Goal of the exercise
The required output holds only the lines from the one containing "Garbit informatica e comunicazione" through the end of the material below, copied exactly, please, with no pictures.

--- Given material ---

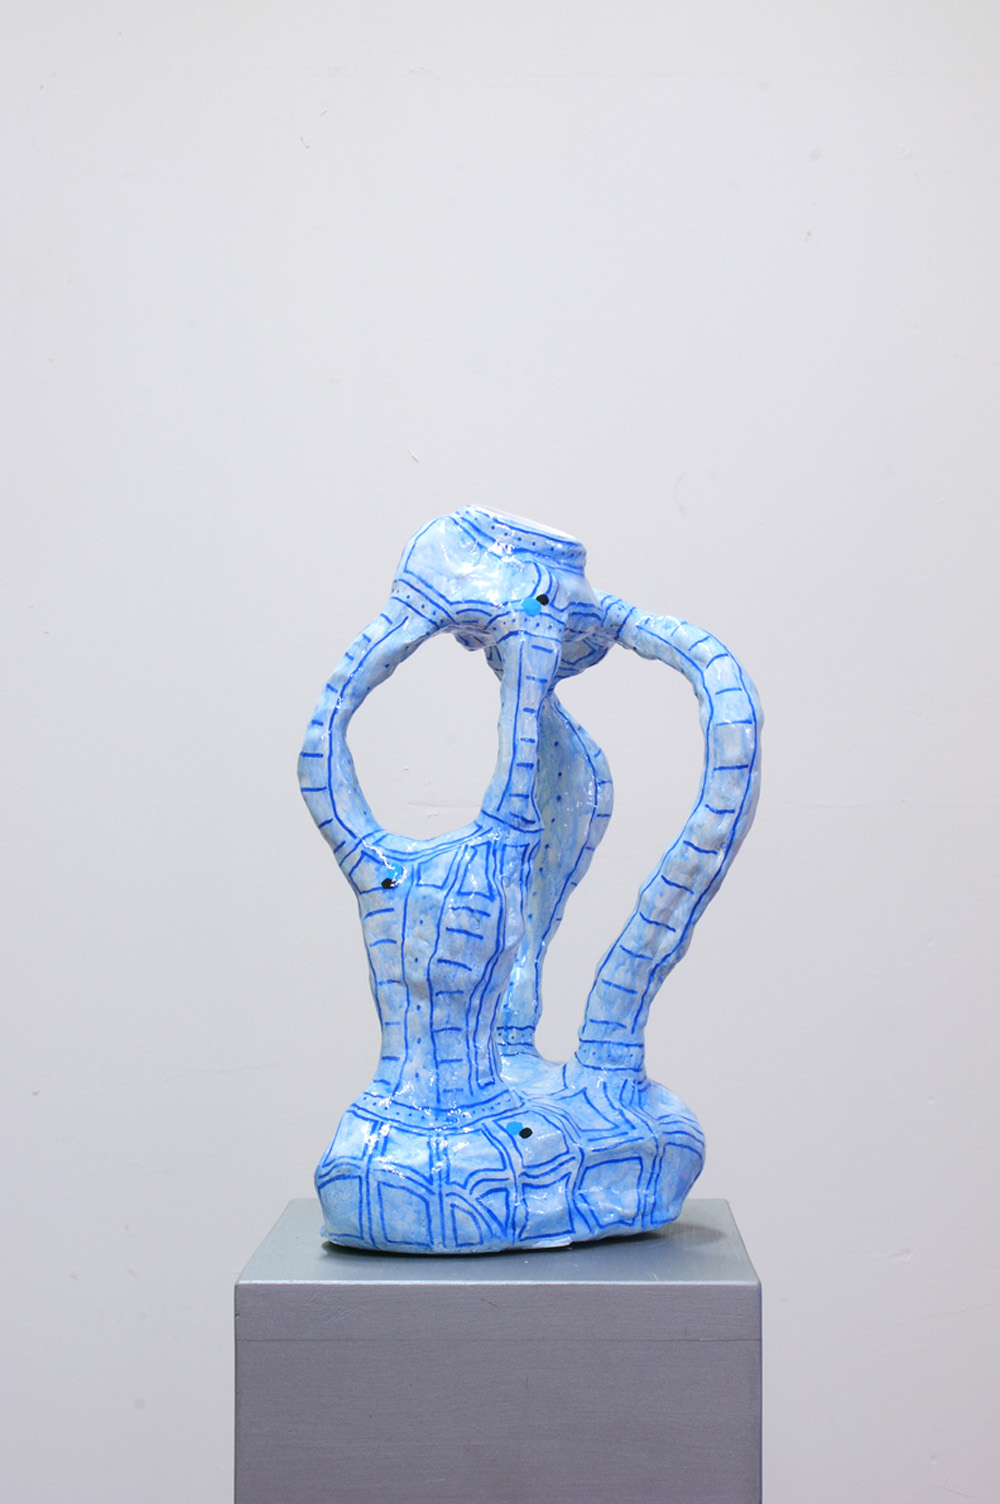 Davide Mancini Zanchi, Tazzina da caffè (#beakseverywhere), 2018, tazzina da caffè incastonata su scultura in finta ceramica, cm 35x20x14
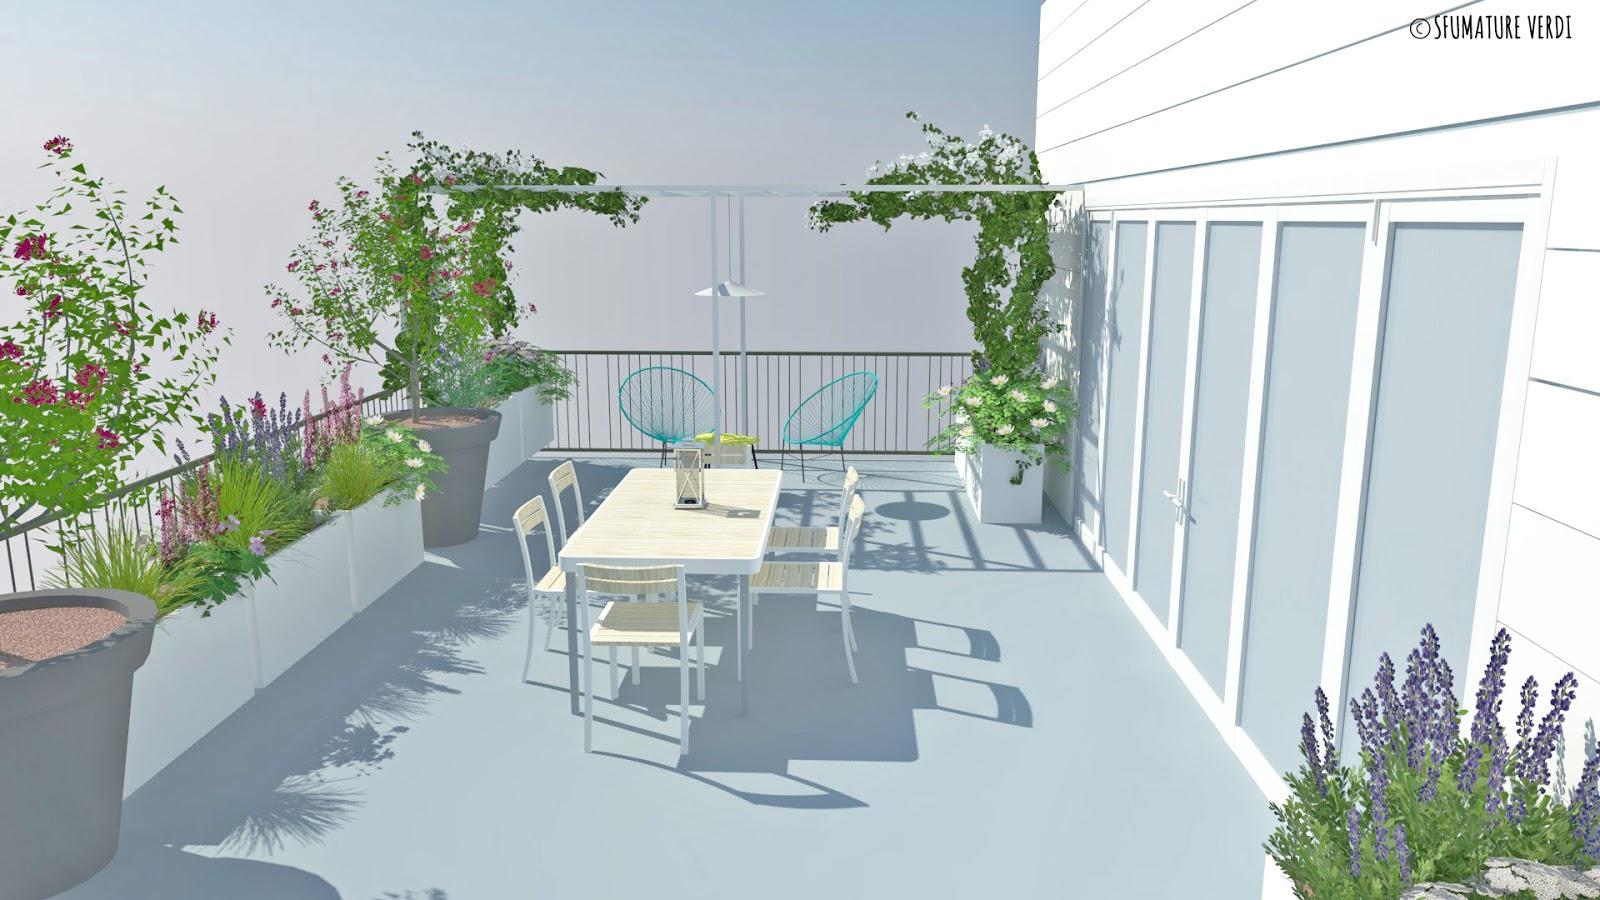 Terrazzo tra fiori e relax | sfumature verdi
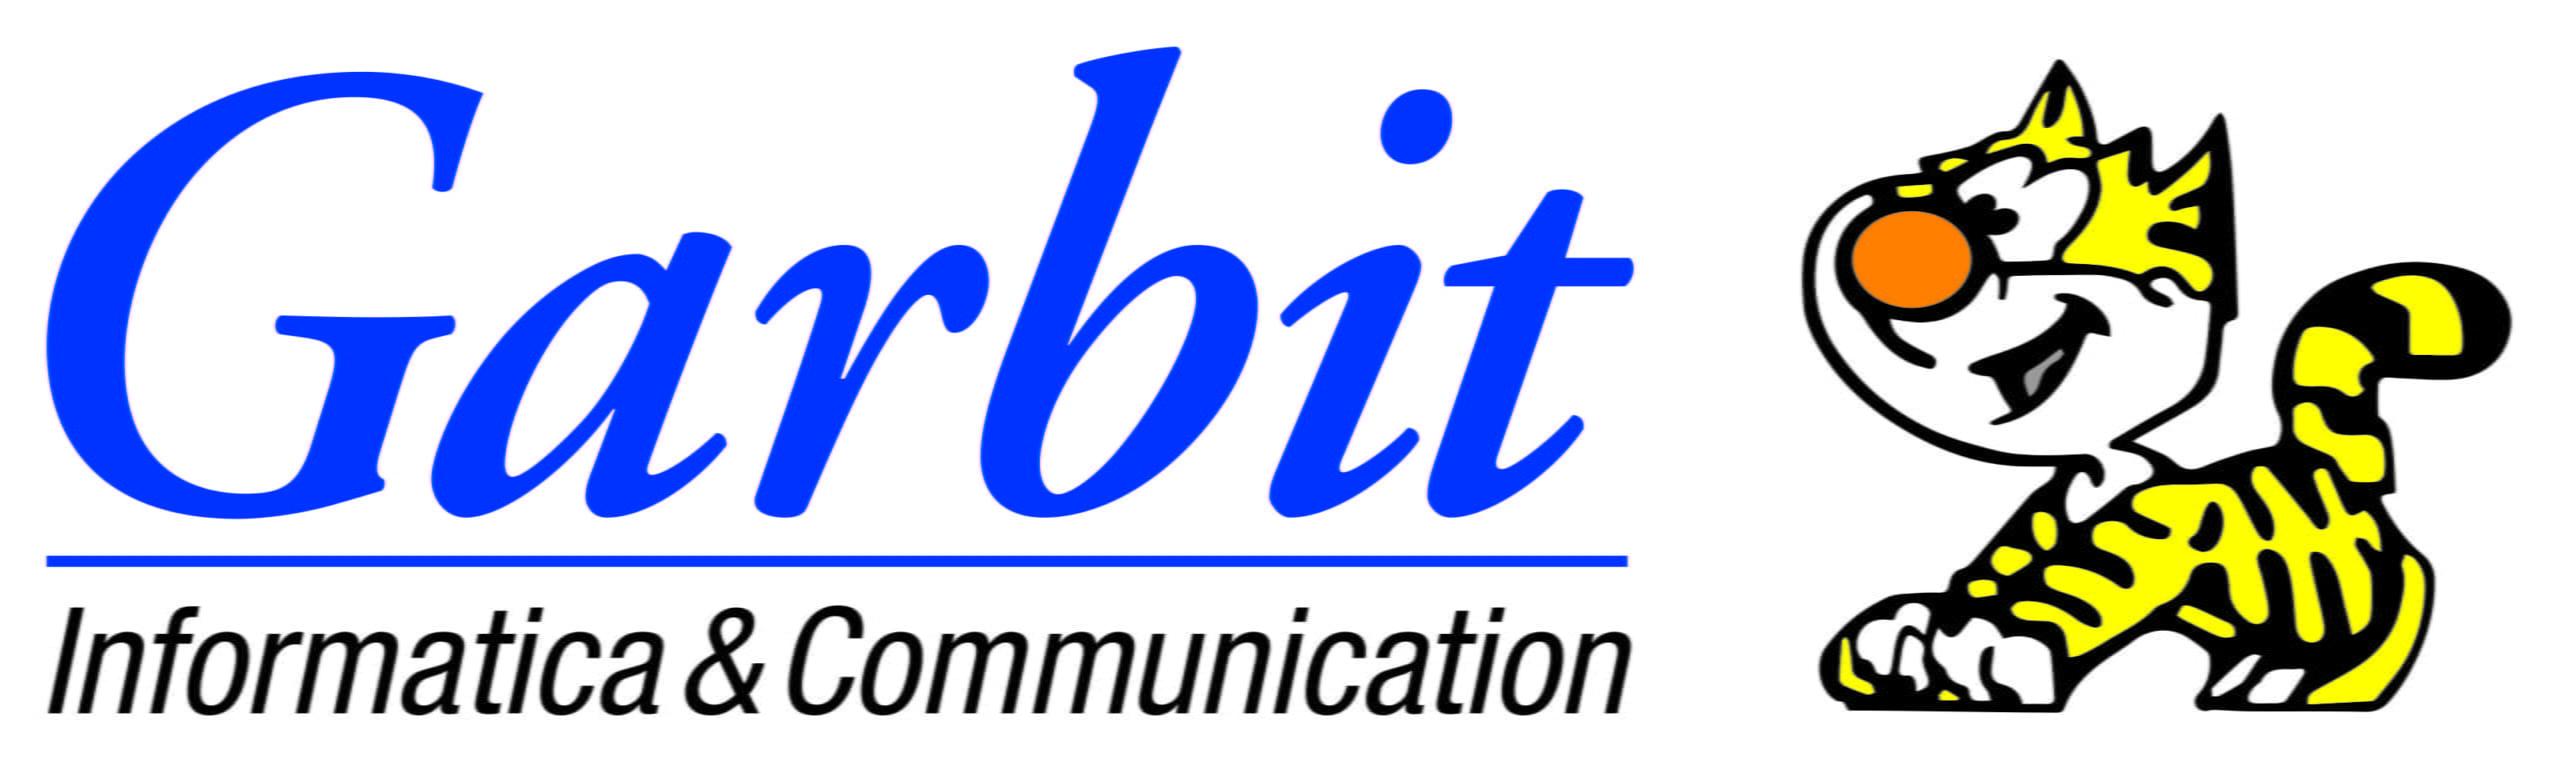 Garbit informatica e comunicazione
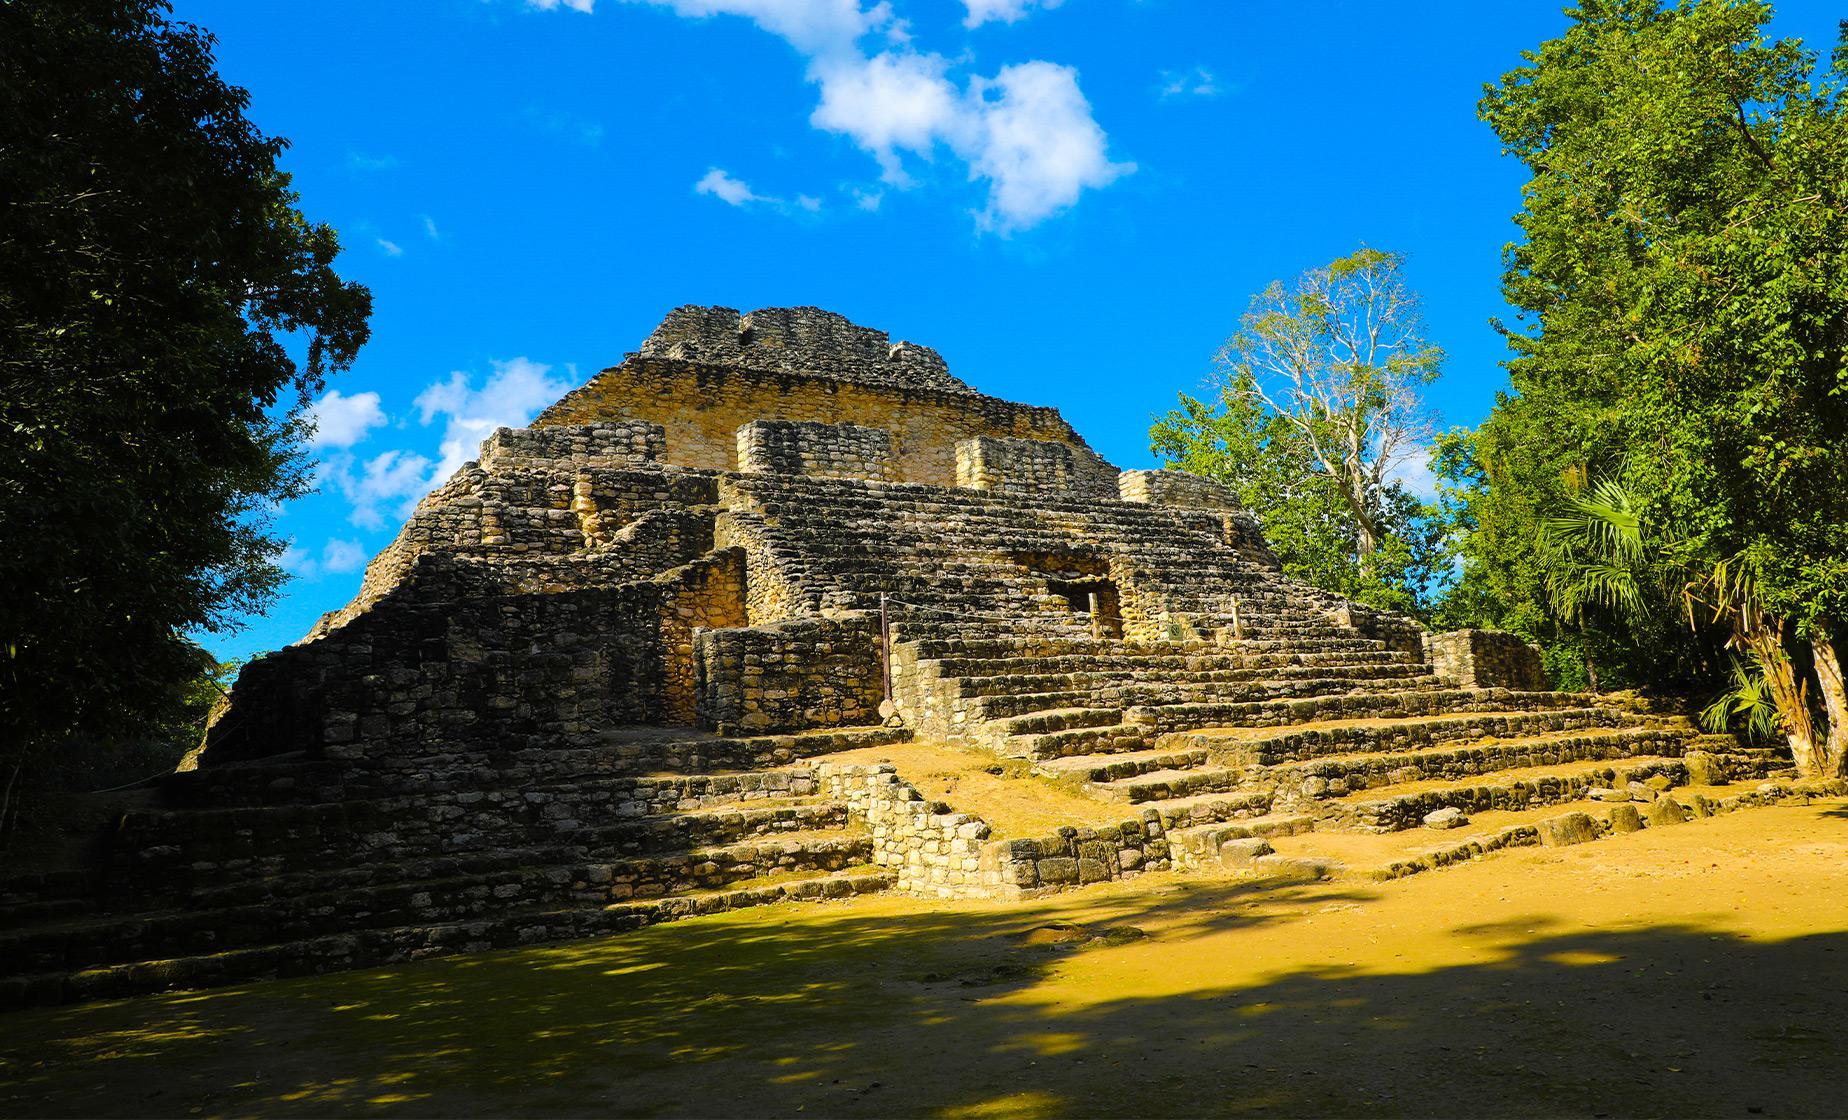 Chacchoben Mayan Ruins Tour History in Costa Maya Seven Color Lagoon (Lake Bacalar)

---

Answer
 Garbit informatica e comunicazione
 Chacchoben Mayan Ruins Tour History in Costa Maya Seven Color Lagoon (Lake Bacalar)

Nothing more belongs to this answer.